No Index — Cannot Access by Position


    fruits = {"apple", "banana", "mango"}

    print(fruits[0])    # ERROR! sets don't support indexing

Sets have no order so there's no first or second item. You either loop through all items or check if something exists.


Checking Membership


    fruits = {"apple", "banana", "mango"}

    print("apple" in fruits)      # True
    print("grapes" in fruits)     # False

    if "mango" in fruits:
        print("Mango is available!")

Checking membership in a set is faster than in a list — especially with large data. This is one more reason to use sets when you only need to check existence.


Adding and Removing Items


    fruits = {"apple", "banana", "mango"}

    fruits.add("orange")          # add one item
    print(fruits)

    fruits.add("apple")           # adding duplicate — nothing happens
    print(fruits)                 # still same, no error

    fruits.remove("banana")       # remove — gives error if not found
    print(fruits)

    fruits.discard("grapes")      # remove — NO error if not found
    print(fruits)

Output:

{'apple', 'banana', 'mango', 'orange'}
{'apple', 'banana', 'mango', 'orange'}
{'apple', 'mango', 'orange'}
{'apple', 'mango', 'orange'}

Always prefer .discard() over .remove() unless you specifically want an error when item is missing.


Looping Through a Set


    fruits = {"apple", "banana", "mango"}

    for fruit in fruits:
        print(fruit)

Works same as list but order is not guaranteed — items may print in any order every time you run.

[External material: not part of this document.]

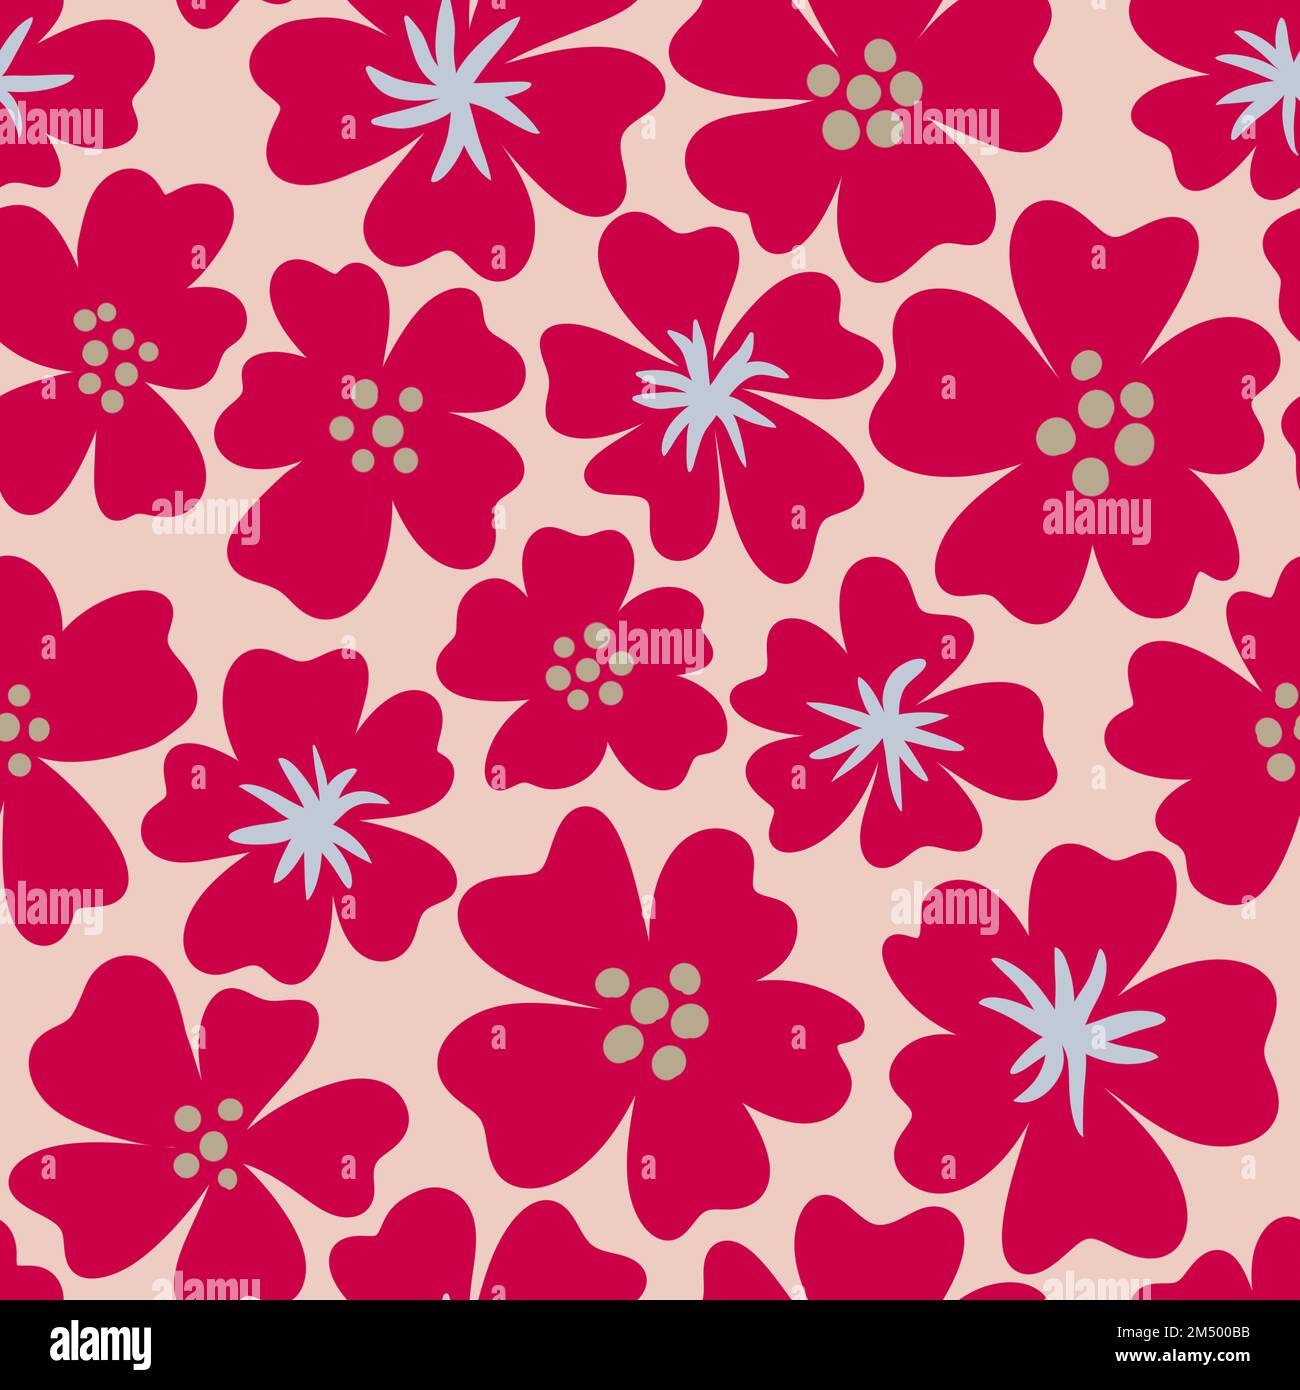 Magenta Flowers Images Browse 261371 Stock Photos  Vectors Free Download  with Trial  Shutterstock

Set Operations — The Real Power

Sets support mathematical set operations. These are extremely useful:

Union — All items from both sets


    set1 = {1, 2, 3, 4}
    set2 = {3, 4, 5, 6}

    union = set1 | set2
    print(union)    # {1, 2, 3, 4, 5, 6} — all items, no duplicates


Intersection — Only items present in BOTH sets


    set1 = {1, 2, 3, 4}
    set2 = {3, 4, 5, 6}

    common = set1 & set2
    print(common)    # {3, 4} — only items in both


Difference — Items in first set but NOT in second


    set1 = {1, 2, 3, 4}
    set2 = {3, 4, 5, 6}

    diff = set1 - set2
    print(diff)    # {1, 2} — in set1 but not in set2

    diff2 = set2 - set1
    print(diff2)   # {5, 6} — in set2 but not in set1


Real World Use of Set Operations


    students_python = {"Rahul", "Priya", "Gagan", "Amit"}
    students_java = {"Priya", "Amit", "Ravi", "Neha"}

    # Who is enrolled in both courses?
    both = students_python & students_java
    print(f"Both courses: {both}")        # {'Priya', 'Amit'}

    # Who is enrolled in at least one course?
    any_course = students_python | students_java
    print(f"Any course: {any_course}")    # {'Rahul', 'Priya', 'Gagan', 'Amit', 'Ravi', 'Neha'}

    # Who is in Python but NOT Java?
    only_python = students_python - students_java
    print(f"Only Python: {only_python}")  # {'Rahul', 'Gagan'}


Most Common Use Case — Remove Duplicates from List

In real projects this is the most frequent reason to use a set:


    # User entered tags with duplicates
    tags = ["python", "coding", "python", "beginner", "coding", "python"]
    print(f"Original: {tags}")

    # Remove duplicates
    unique_tags = list(set(tags))
    print(f"Unique: {unique_tags}")

Output:

Original: ['python', 'coding', 'python', 'beginner', 'coding', 'python']
Unique: ['beginner', 'python', 'coding']

Convert to set to remove duplicates, convert back to list if you need indexing.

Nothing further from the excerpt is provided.